We’re not in Kansas anymore…

One weekend when I was sitting at Heathrow to fly back to Paris, I received a phone call from my Dad. He offered to come with me to Ukraine so that I could “have some company” on the journey to my new home. Any desire that I may have had to come across as brave and independent gave way to massive relief.

Last Tuesday, having met at Heathrow at 6am, we flew in over snowy fields to Kiev in the north of Ukraine. The excessive politeness of the British Airways stewards and freely flowing cups of tea were our last tastes of the UK before being met with swarms of aggressive taxi drivers in the arrivals hall. I was very keen for my Dad to get a good impression of the place, and to understand why I had chosen to come back to Ukraine, which was not particularly helped by the thick layer of grey snow which covered the run-down apartment blocks and the grey fog (you can see that grey is a theme) that hung in the sky on our drive into the centre of the city. Once we had navigated our way through a maze of underground tunnels at the train station to the left luggage, we set off for Майдан Незалежності (wooo get me and my Ukrainian) or Independence Square. The last time I was here we were able to watch the recording of a TV show consisting of huge group dances by teams from various Ukrainian cities. 

Unfortunately this time there were no dancers, but instead a huge Christmas tree and some beautiful lights. 

Even if we did come dangerously close to falling flat on our faces, braving the icy pavements was worth it. Whilst we were in town we also paid a visit to St Michael’s Monastery and the Saint Sophia Cathedral, which Jamie, Mollie, Rhiannon, Penelope and I had loved when we spent a short time in Kiev nearly two years ago. 


Now: slightly less hyper.

Here is my Dad looking generally cold and somewhat mysterious.

After a great dinner (one of the many plus points to having a parent around) we went back to the station for the overnight train to Odessa on the Black Sea. The cabin was really cute but SO HOT. Like Greece in August has nothing on that cabin. 

But we eventually arrived and met my boss and landlady at my flat which was a welcome surprise; despite being in a, shall we say, ‘aesthetically-challenged’ tower block, it is clean and warm and certainly bigger than the flat I shared in Paris, not to mention less than half the price.

What a view!

Bedroom. I make use of the space by dancing to the very high quality Russian music channels.

I started teaching English on Thursday, which seems to be going okay (touch wood), but my Dad and I had some time to have a wander about until he left on Thursday to go back to Kiev. It was so lovely to share this exciting but frankly bloody terrifying time with him. Big love to Papa. Since then I have enjoyed various drinks outings, a shocking amount of dumpling-based meals and a wonderful church service in a disused factory! Here are some photos and anecdotes from over the last few days:

Here is my church! Seriously 🙂  it’s a disused factory with loads of big rooms that get rented out by different groups, one of which happens to beЖивая Надежда” (Living Hope) Church. It’s a bilingual church with some lovely people! This said, perhaps my favourite part of going to church this Sunday was getting shouted at by the fairly drunk security guard (this wasn’t the good bit) who was then told to shut up by a passing old lady wearing a magnificent fur hat. Respect. 

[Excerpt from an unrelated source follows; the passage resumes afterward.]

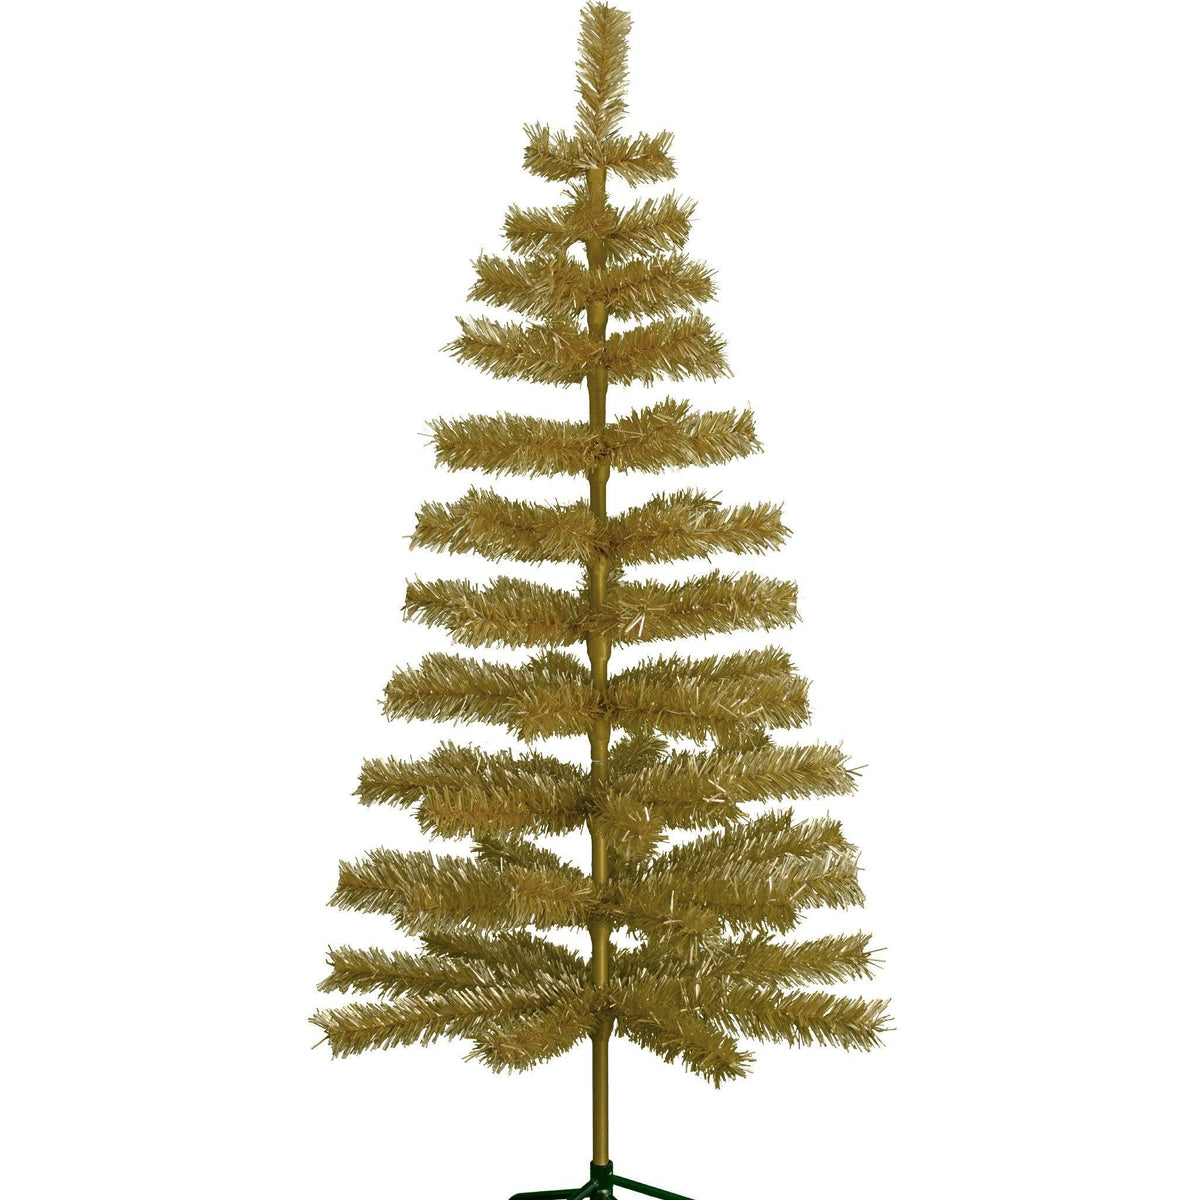 Our 60in Tall Antique Gold Christmas Tree.  Celebrate Lee Display's 120th Anniversary with our brand new Antique Gold colored tinsel Christmas Trees.  Shop for antique gold christmas trees at leedisplay.com

For some unknown reason there are no switches for the lights in my corridor, which makes opening the door with multiple keys a slight issue. But no fear, for I am equipped with a torch, and not just any torch, but what appears to be some kind of wind-up vampire penguin.

I don’t have any photos of my students, but they have all been lovely so far. There were lots of questions about whether I have met the Queen (expected) and twice I have been told that I “no look like British woman”. Apparently I look like I could be “native American” “Indian” or “Asian” (less expected). Take your pick.

To finish off, here is an enormous crisp.

What left can there be to see, I hear you say.